■ Source data

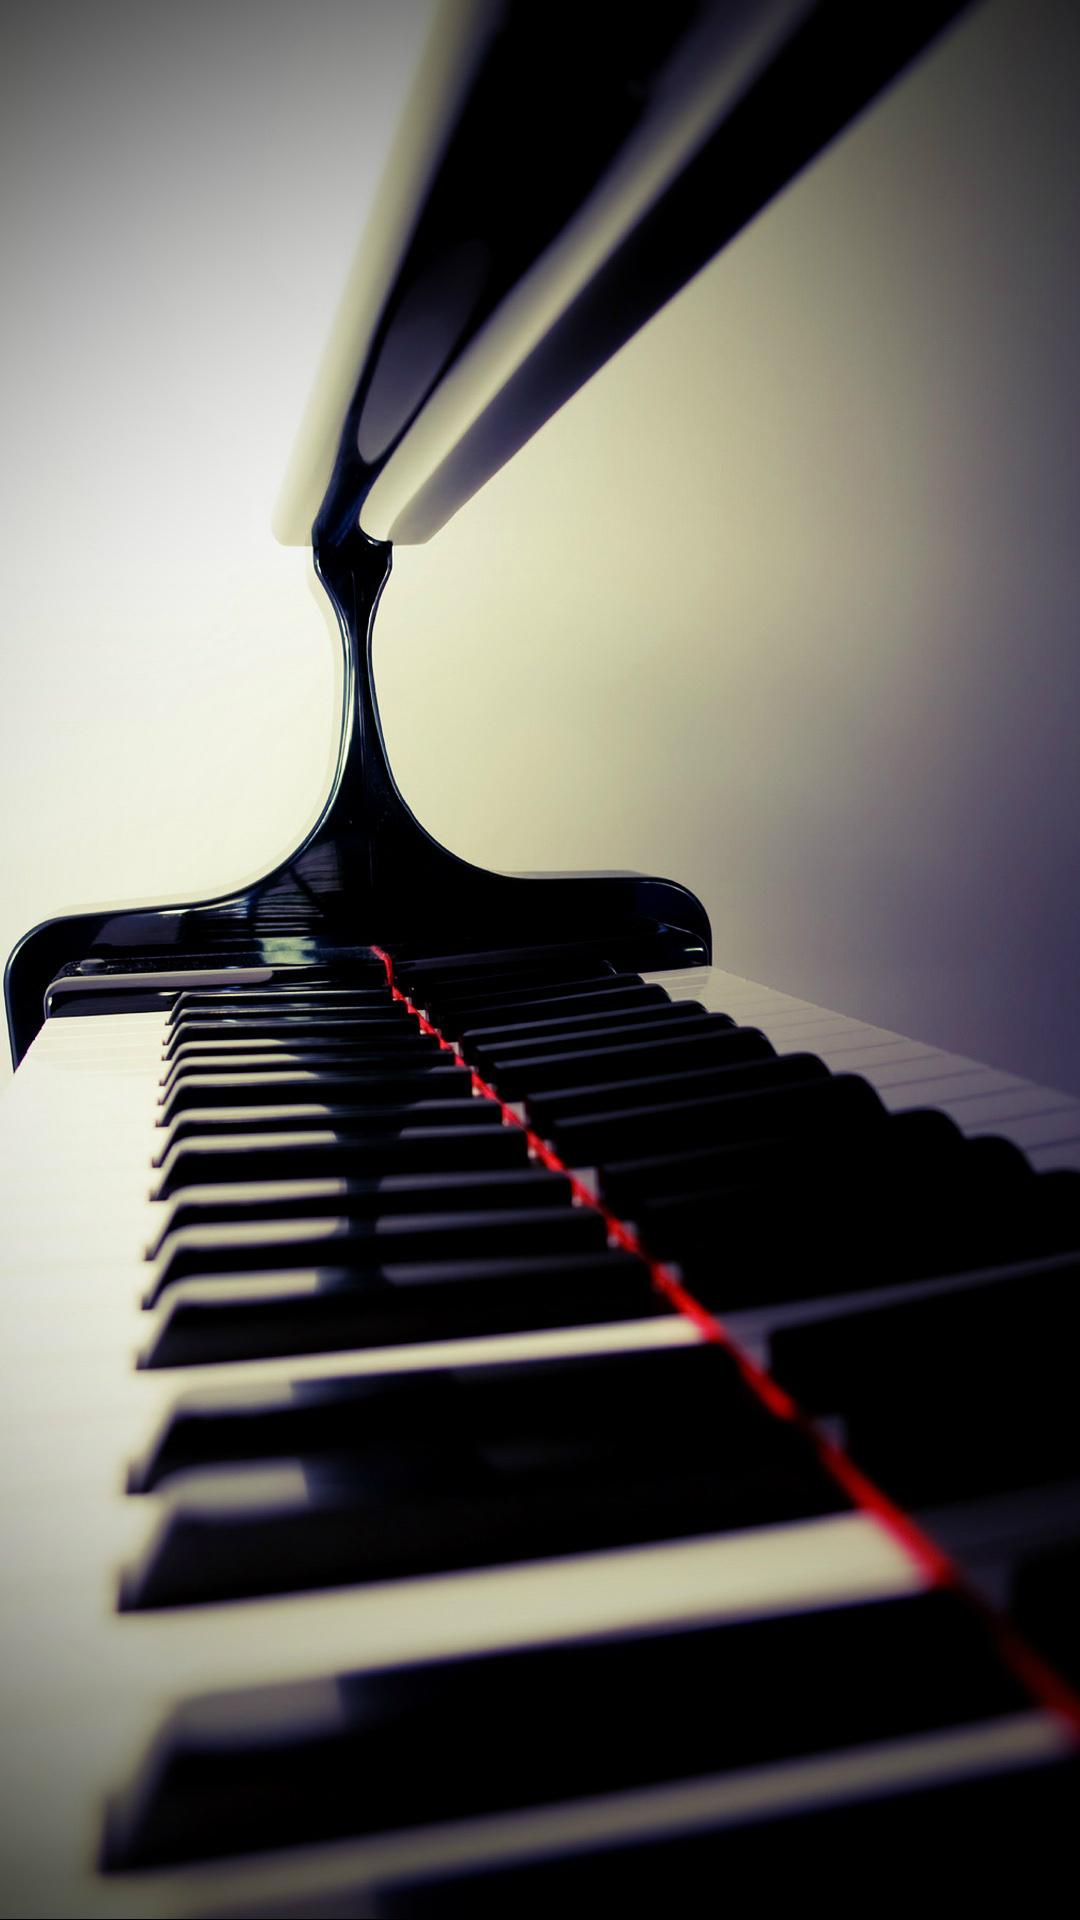 piano-keys-closeup-iphone-6-wallpaper-ilikewallpaper_com
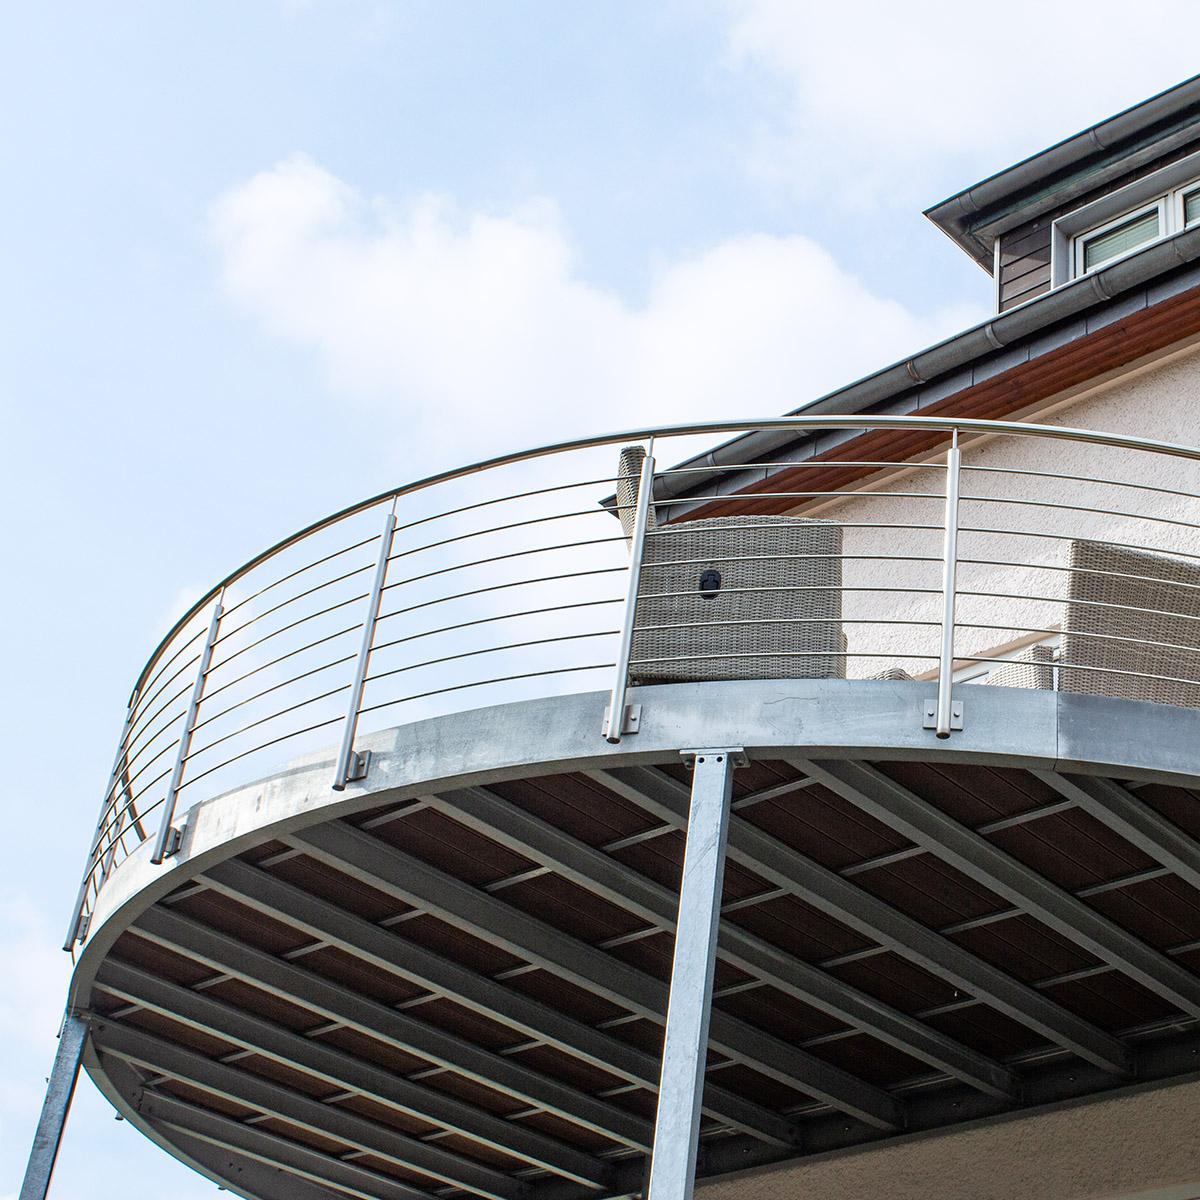 KS-Stahltechnik Referenz Balkon Unterkonstruktion
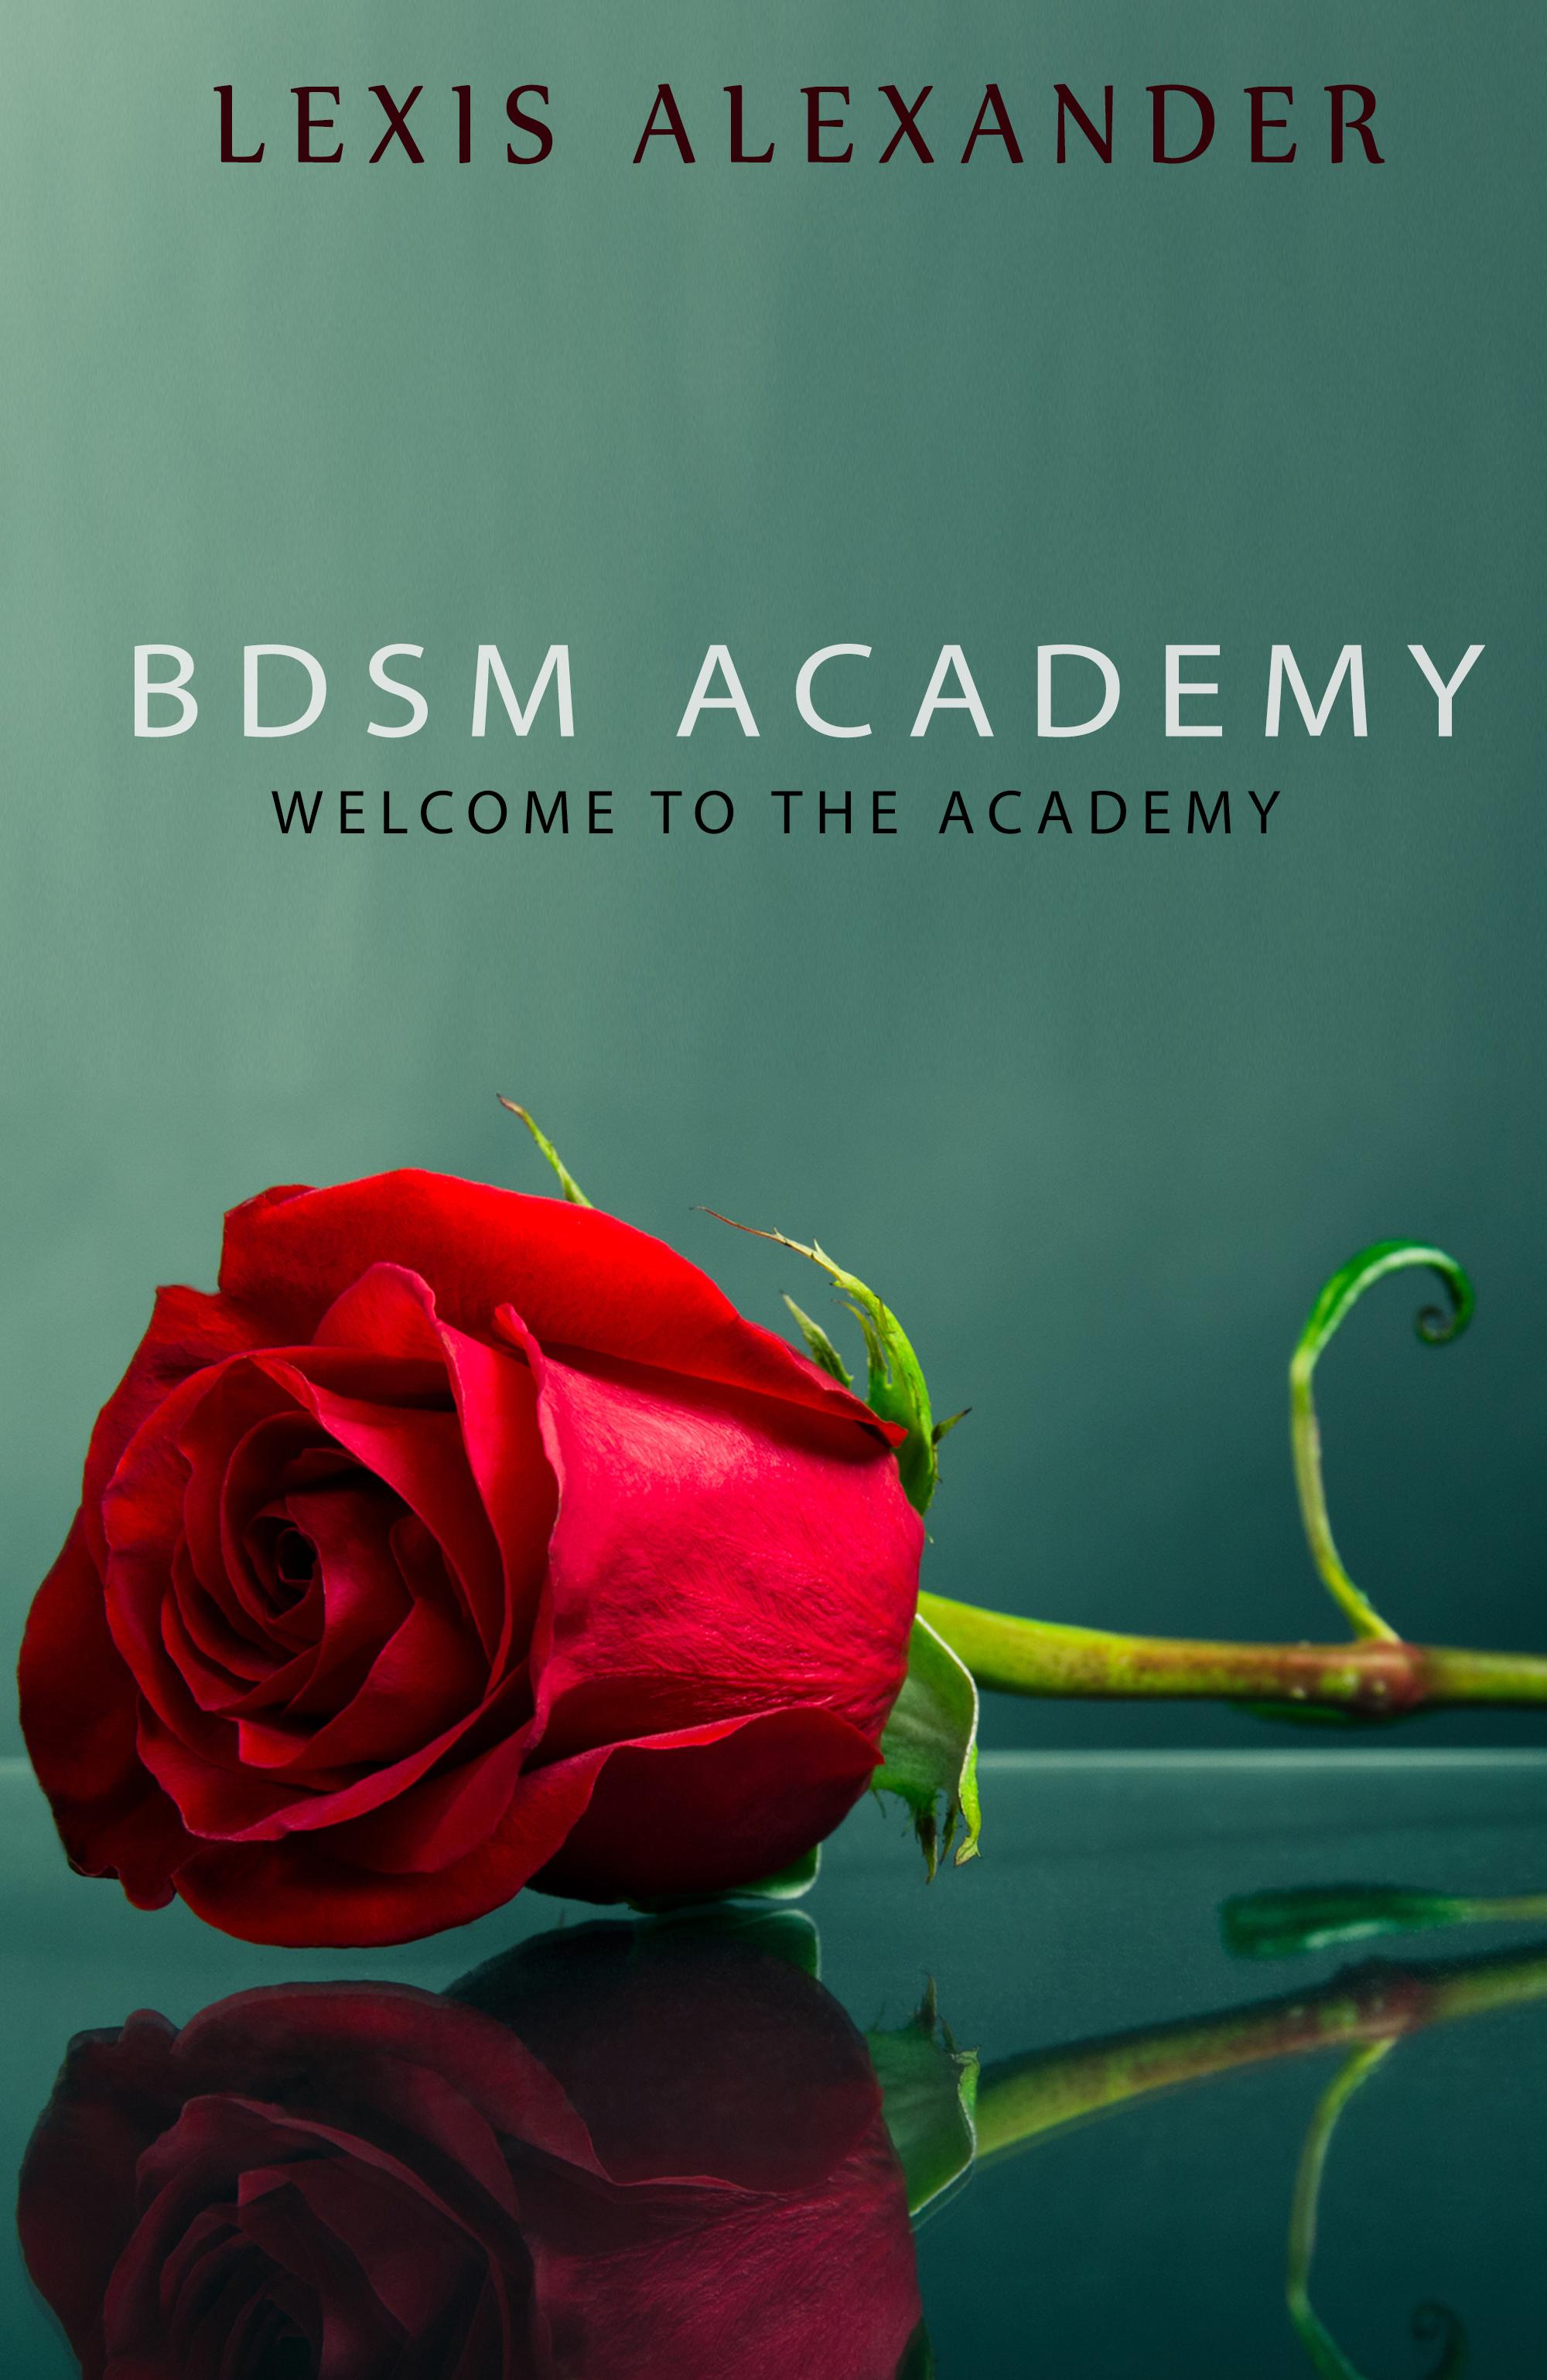 BDSM Academy

■ Your assignment
Leave the pictures out and set down the rest of the listing above exactly.

■ Final answer
 piano-keys-closeup-iphone-6-wallpaper-ilikewallpaper_com
 KS-Stahltechnik Referenz Balkon Unterkonstruktion
 BDSM Academy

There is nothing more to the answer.